Other optional exports are:
plugstop:
called when the plugin is about to be unloaded and where the plugin data cleanup occurs.
-
plugsetup:called when the plugin initialization was successful, here you can register menus and other GUI-related things.
SDK functions
Before we go any further we need to know what functions exported by the plugin SDK we can use, you can find some of these functions in the official docs but many of them are not documented.
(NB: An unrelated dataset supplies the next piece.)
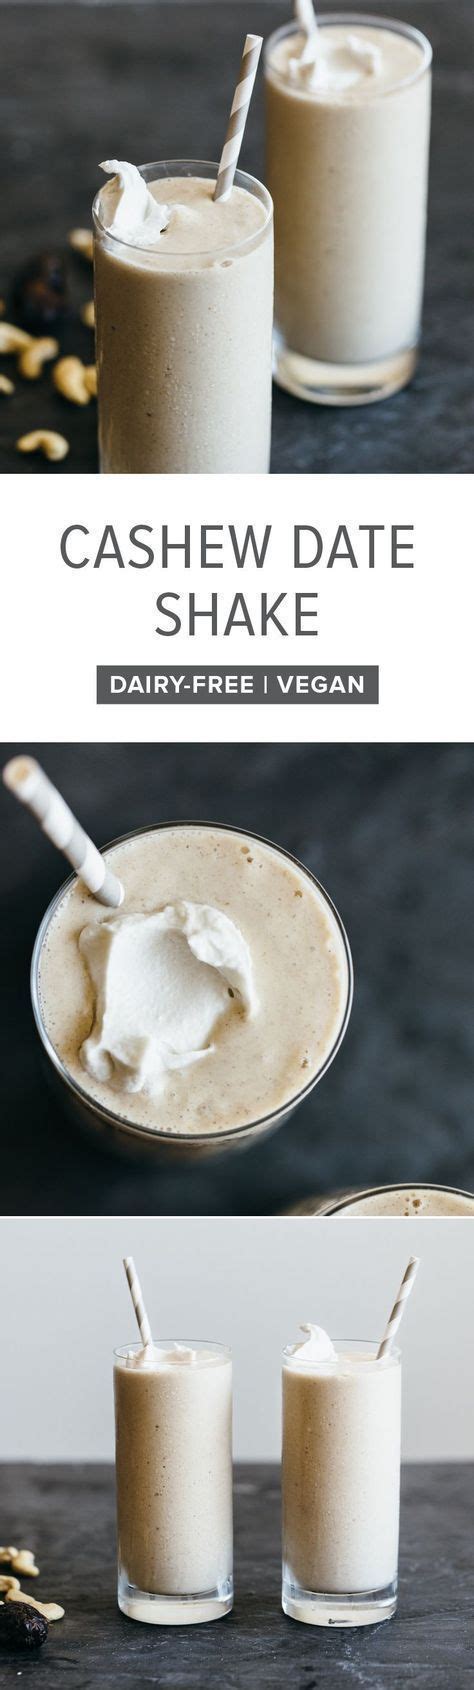 Dairy Free Vegan Paleo Cashew Date Shake Inspired By The Classic

To view the full list you can explore the SDK header files.
For me plugin SDK functions are divided into 4 main categories:
-
_plugin_ functions @
_plugins.h:Helper functions for plugin setup, initialization and logging.
-
bridge functions @
bridgemain.h:Bridge is the communication library for the DBG and GUI part of x64dbg.
-
scriptapi functions @
_scriptapi_*.h:It is intended to be used by plugins. It provides easy scripting experience for developers.
-
TitanEngine functions @
TitanEngine.h:Titan is the debugging engine for x64dbg.
Most functions are self explanatory or documented in the official docs, for TitanEngine functions you can find its docs here or you can check the markdown version for better readability I uploaded here.
Ok enough talk let’s get our hands dirty.
Implementation
Your code should go into plugin.cpp file, let’s start with the plugin main components.
// Initialize your plugin data here.
bool pluginInit(PLUG_INITSTRUCT* initStruct)
{
_plugin_logputs("[" PLUGIN_NAME "] Loaded successfully!");
if (!_plugin_registercommand(pluginHandle, "EasyDump", cbEasyDump, true))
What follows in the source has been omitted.